Hari ini ibu Liyana mengunjungi Hana dan Radit kerumah mereka.
"Radit mana Han?"
Ibu Liyana bertanya kepada Hana saat melihat Hana duduk sendirian diruang tengah.
"Radit sakit ma"
"Sakit apa?"
Ibu Liyana langsung berdiri dan berjalan menuju kamar Hana dan Radit.
"Radit, Hana badan Radit panas sekali, hidungnya juga mengeluarkan darah, kita harus membawanya kerumah sakit"
"Iya ma, tadi mas Radit hanya bilang pusing"
"Sekarang kamu keluarkan mobil, kita bawa Radit kerumah sakit"
Hidung Radit masih saja mengeluarkan darah. Hana menjadi semakin tidak tenang menyetir mobil. Wajahnya sangat cemas, ia tidak sanggup menatap wajah suaminya yang lemah dan pucat. Ibu Liyana tidak kuasa menahan tangis. Hana begitu cepat melajukan mobilnya.
Jalanan semakin padat. Tapi Hana dengan lincahnya mencari celah untuk jalan. Sesekali ia menengok kebelakang. Ibu Liyana terus berdoa sambil mengganti tissue untuk penyumbat darah di hidung Radit.
"Kamu pasti kuat mas, kamu harus kuat"
Hana menarik nafas dalam-dalam. Dadanya begitu sesak, dia mencoba untuk berkosentrasi mengemudi, dia harus cepat sampai dirumah sakit.

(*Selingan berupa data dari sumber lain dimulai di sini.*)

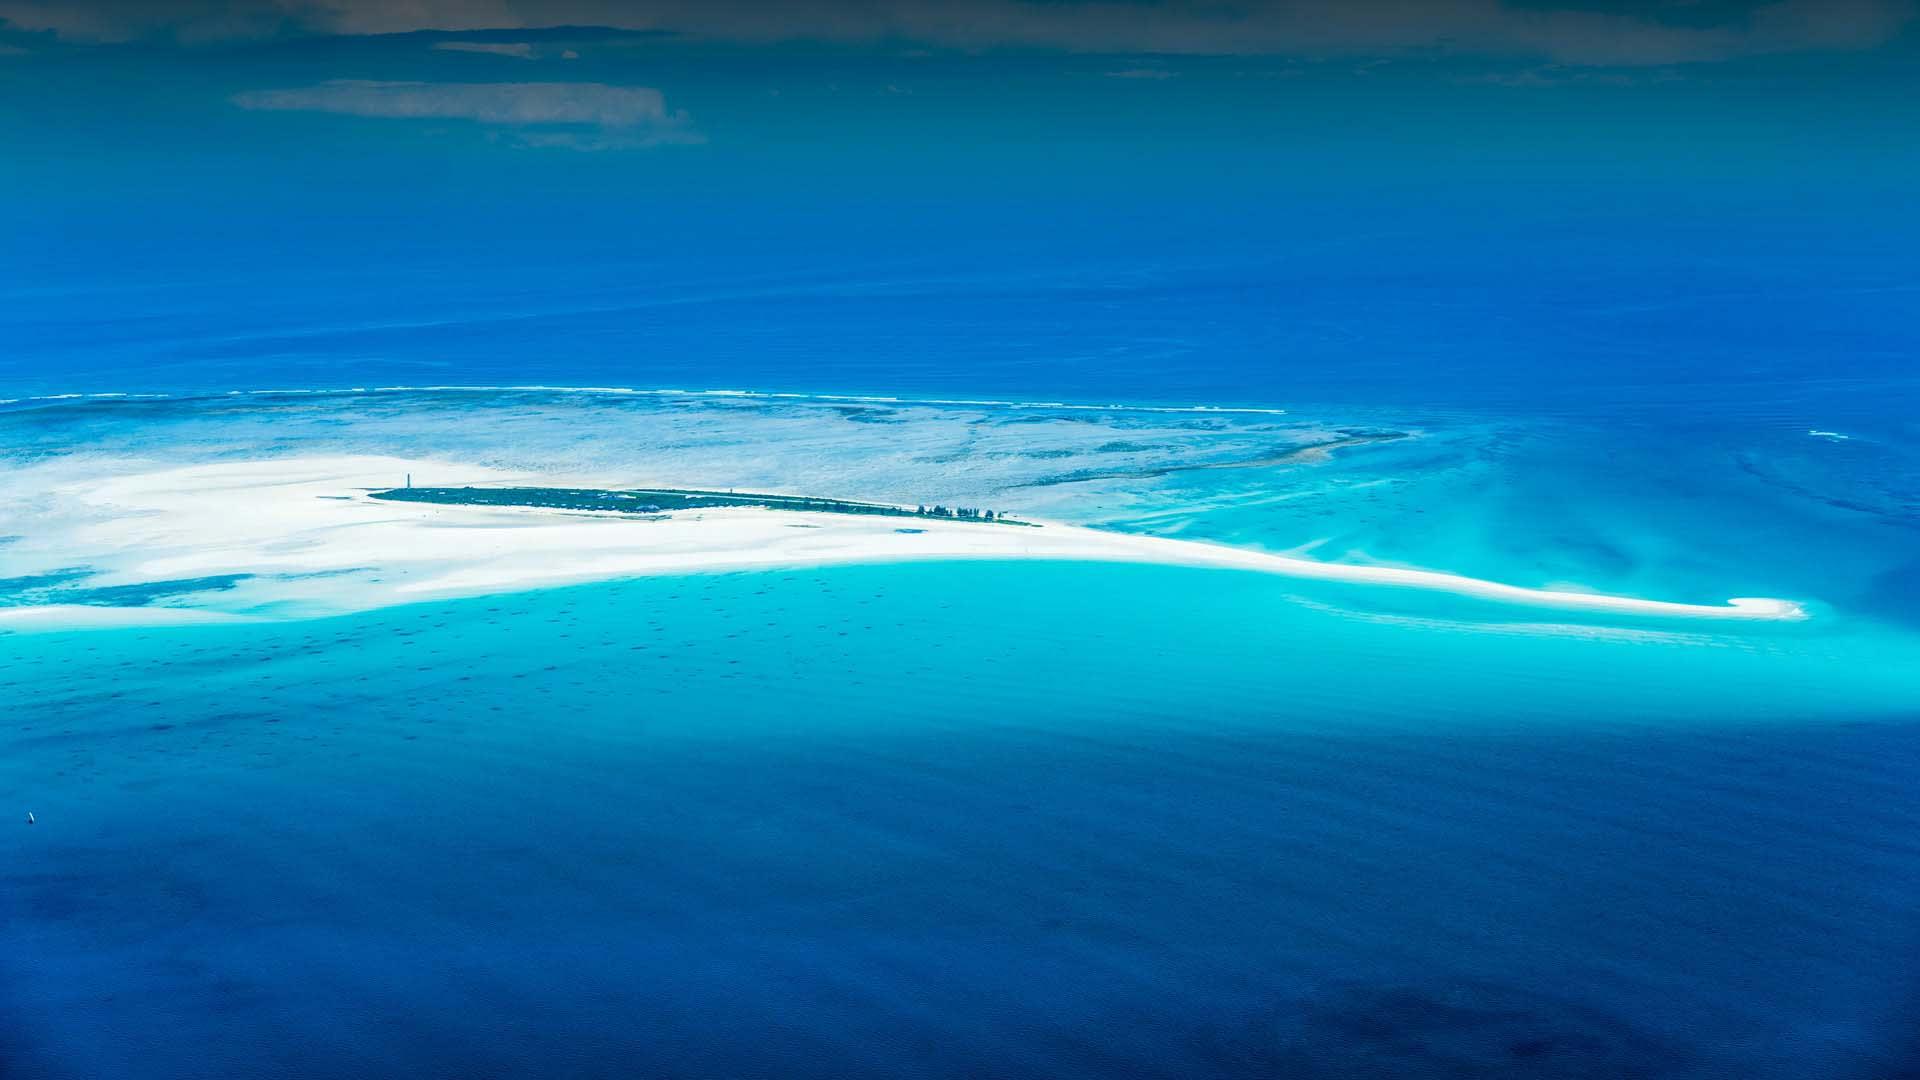 https://assets.anantara.com/image/upload/q_auto/media/minor/anantara/images/anantara-medjumbe-island-resort/the-resort/desktop-banner/anantara_medjumbe_island_island_ariel_header_1920x1080.jpg

Sesampainya dirumah sakit, dokter segera melakukan pemeriksaan. Setelah banyak melakukan pemeriksaan, Hana tidak yakin dengan diagnosa dokter. Karena dia tidak percaya Radit menderita penyakit. Hana meminta dokter untuk mengulang lagi pemeriksaan. Hasil itu tetap mendianogsa jika Radit terkena penyakit kanker darah.
Hana merasa nadinya terhenti, dia menghirup nafas dalam-dalam, tak percaya dengan apa yang dia lihat. Dokter memberikan pengobatan antibiotik dan tranfusi darah untuk melawan infeksi penyakit dan menghancurkan sel-sel leukemia dan mengganti ke sel-sel induk yang lebih sehat. Dokter menyarankan pengobatan umum yaitu kemoterapi atau terapi radiasi. Tetapi Hana menolaknya.
Tanpa perawatan, kanker biasanya berakibat kematian dalam waktu singkat. Sedangkan perawatan dapat memperpanjang kelangsungan hidup dan dapat memperbaiki kondisi pasien beberapa waktu.
Dengan menarik nafas panjang. Hana tertunduk dan menyerahkan hasil pemeriksaan kepada ibu Liyana. Ibu Liyana membaca cermat dan matanya berair.
"Ma, ini bohongkan?"
Mata Hana merah berkaca-kaca, ibu Liyana memegang kedua tangan Hana, mata mereka saling melihat satu sama lain.
"Ma, ini mimpikan? Tidak nyata "
Ibu Liyana mengalihkan pandangannya ke lantai menahan air mata yang jatuh. Ia tidak tega melihat Hana terluka lagi. Hana berjalan keluar ruangan, tapi ibu Liyana menahannya.
"Kamu yang sabar nak"
Ibu Liyana memeluk anaknya itu dengan erat.
"Mama tahu kamu sangat terluka"
"Hasilnya bohongkan ma"
"Kita serahkan saja kepada Allah. Semoga dokter dapat memberikan pengobatan yang terbaik"
"Radit itu baik-baik saja ma"
"Mama juga tidak ingin Radit sakit, tapi kenyataannya Radit itu sakit"
Hana melepas pelukan ibunya itu dan bergegas keluar dari ruangan. Ibu Liyana hanya bisa menatap Hana dari jauh. Ia merasakan kesakitan Hana yang teramat dalam itu.